Calculate $$\int_Cxy^2\ \text{d}y-yx^2\ \text{d}x$$$C=\{(x,y)\in\mathbb R^2:x^2+(y-1)^2=1\}$ using Green's theorem: $\int_{C}P\ \text{d}x+Q\ \text{d}y=\int_D(\frac{\partial Q}{\partial y}-\frac{\partial P}{\partial x})\ \text{d}\mathbb R^2$
Now we have $P=-yx^2,\ \ Q=xy^2,\ \ \frac{\partial Q}{\partial y}=2xy, \ \ \frac{\partial P}{\partial x}=-2xy$, hence $$\int_Cxy^2\ \text{d}y-yx^2\ \text{d}x=\int_D4xy\ \text{d}\mathbb R^2$$ with $D=\{(x,y)\in\mathbb R^2:x^2+(y-1)^2\le1\}$.

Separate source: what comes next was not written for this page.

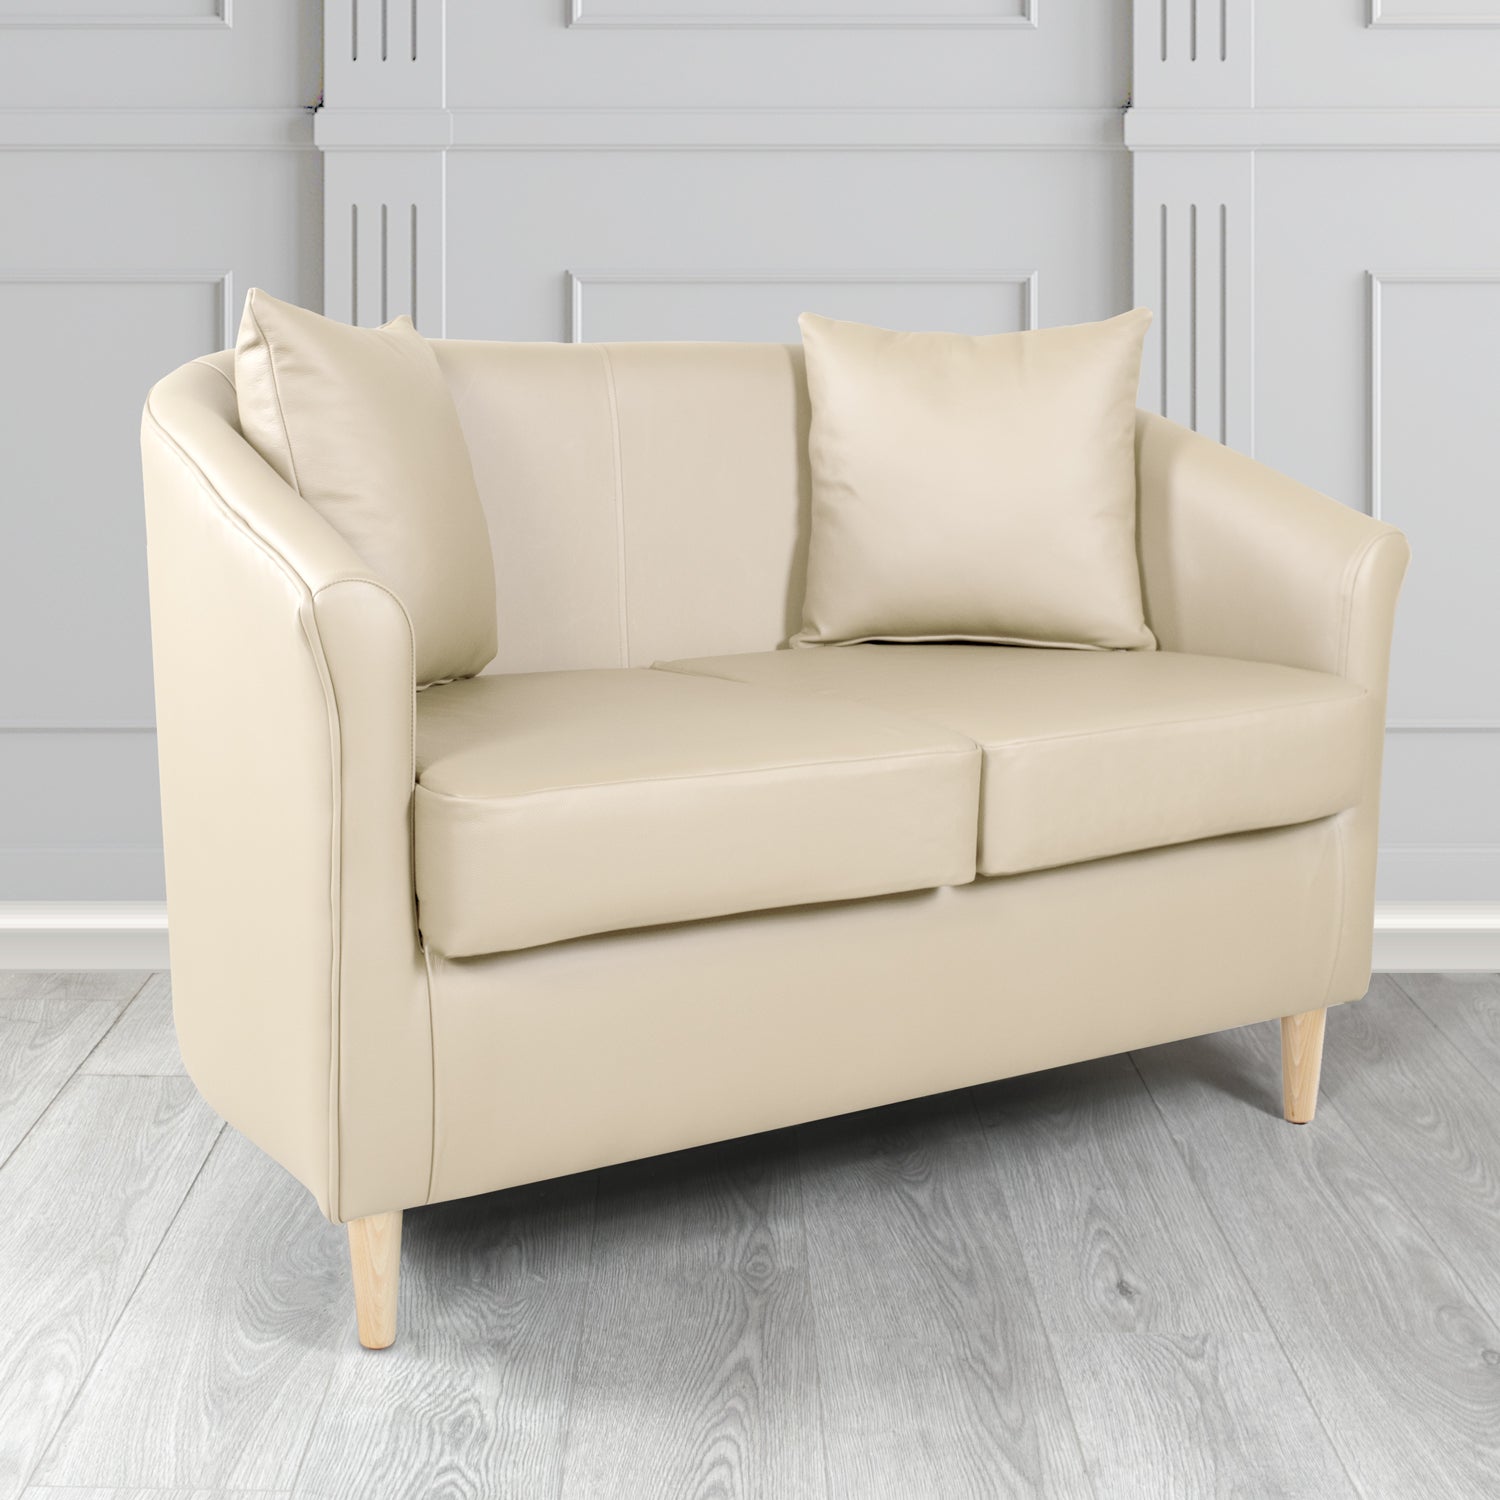 St Tropez Shelly Almond Crib 5 Genuine Leather 2 Seater Tub Sofa with Scatter Cushions - The Tub Chair Shop

I have trouble finding the right parameterization for $D$. Can I say that $D=\{(x,y)\in\mathbb R^2:0\le x\le 1, -\sqrt{1-x^2}+1\le y\le \sqrt{1-x^2}+1\}$ and integrate $$\int_0^1 2\Big(\int_0^{\sqrt{1-x^2}+1}xy\ \text{d}y\Big)\ \text{d}x\ \ ?$$ Any help is greatly appreciated!

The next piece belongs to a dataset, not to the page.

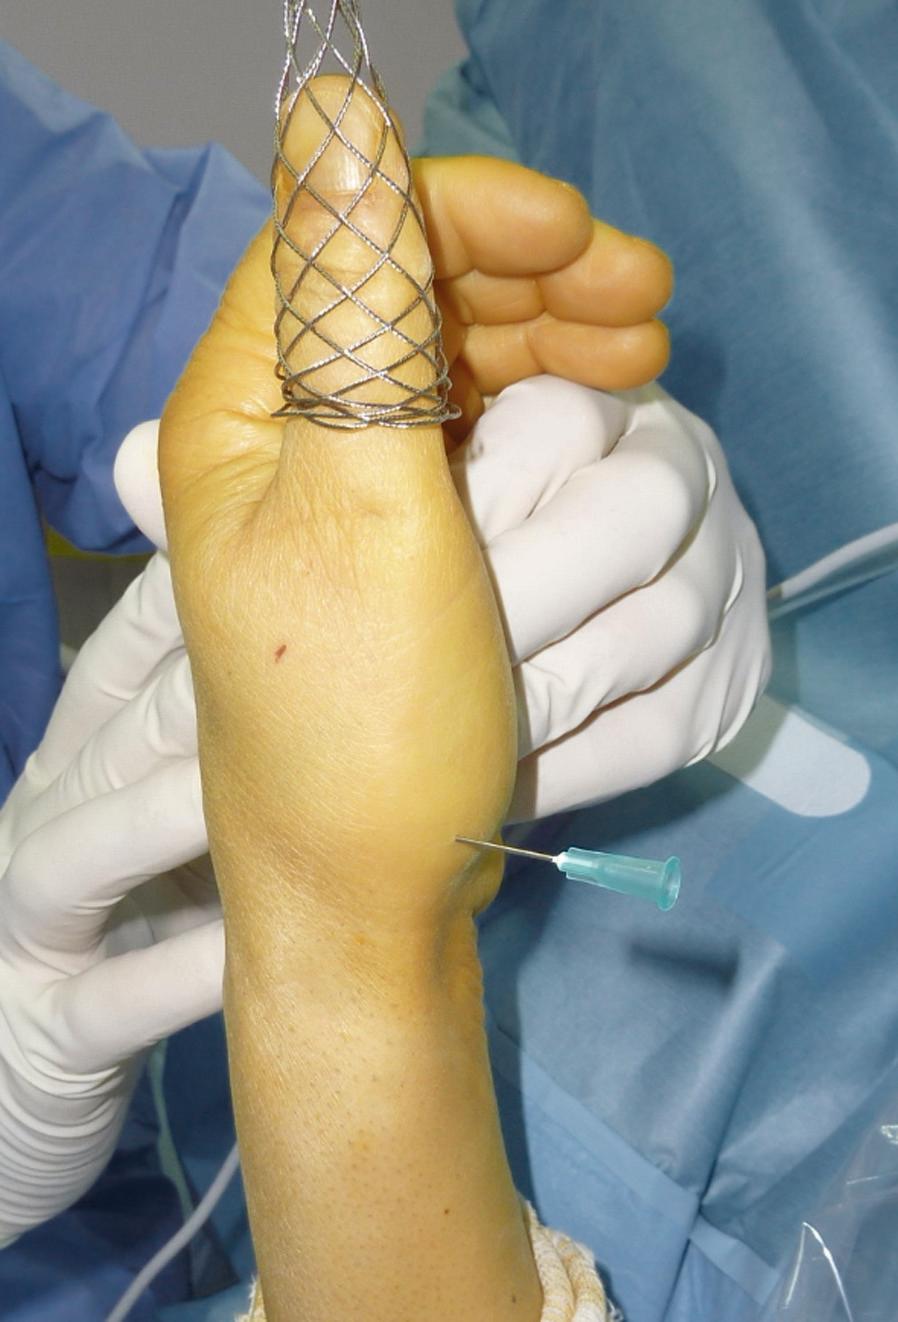 Chapter 24 Arthroscopic Thumb Carpometacarpal Interposition Arthroplasty Introduction Osteoarthritis in the thumb carpometacarpal (CMC) joint is a common condition, especially in women over 60 years

The suggested integral expression isn't quite right. The $x$-values of the region vary from $0$ to $2$, and solving for $y$ in the equation of the circle gives $y = \pm \sqrt{1 - (x - 1)^2}$, and these facts give the limits of the two integrals ordered this way. As you've indicates, we can use symmetry to simplify the result.

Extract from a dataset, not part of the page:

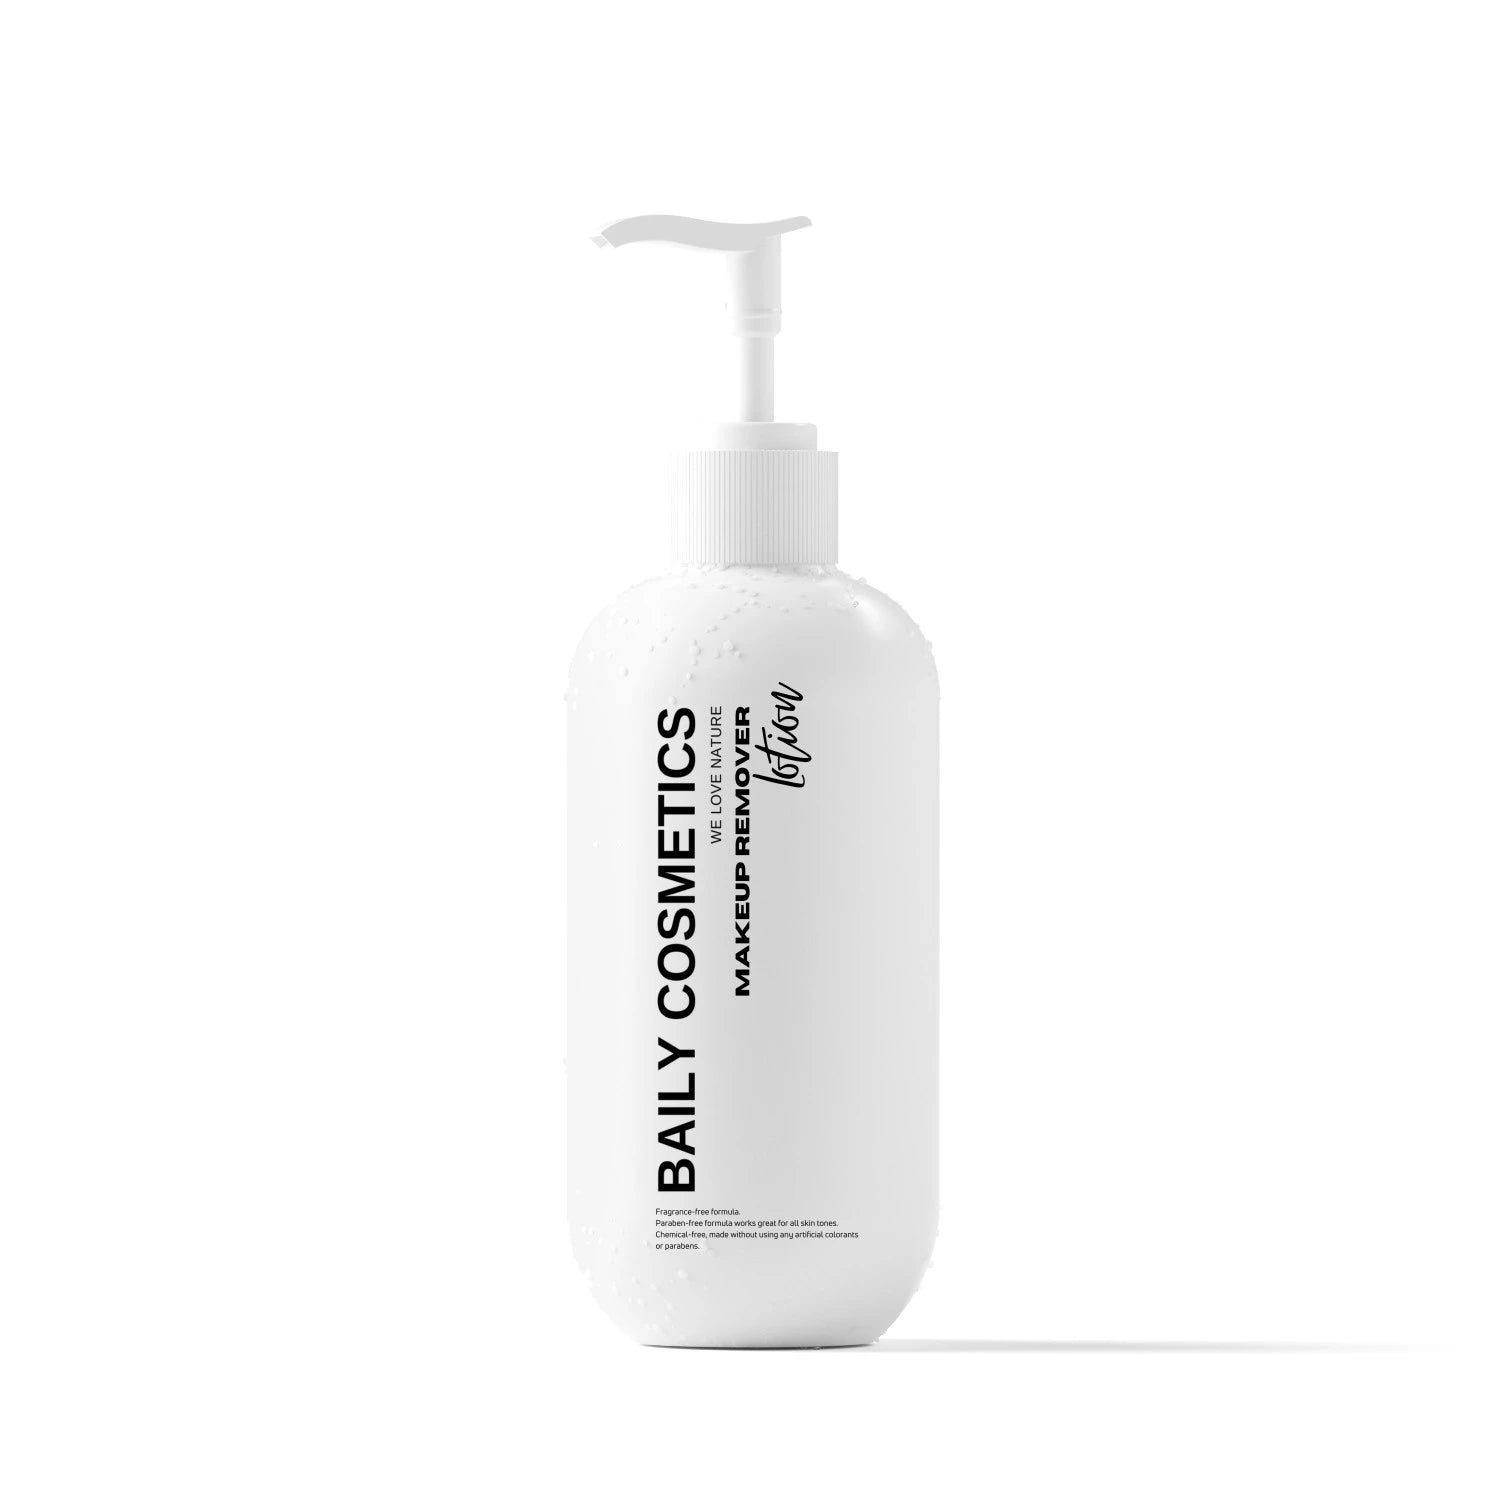 Handcrafted Vegan Beauty - Baily Makeup Remover Lotion for Gentle Makeup Cleansing

Alternatively, the double integral is easier to evaluate in polar coordinates, in which the boundary $$x^2 + (y - 1)^2 = 1$$ of $C$ is given by $$(r \sin \theta)^2 + [(r \cos \theta) - 1]^2 = 1 .$$ Rearranging gives a simple formula for $r$ as a function of $\theta$.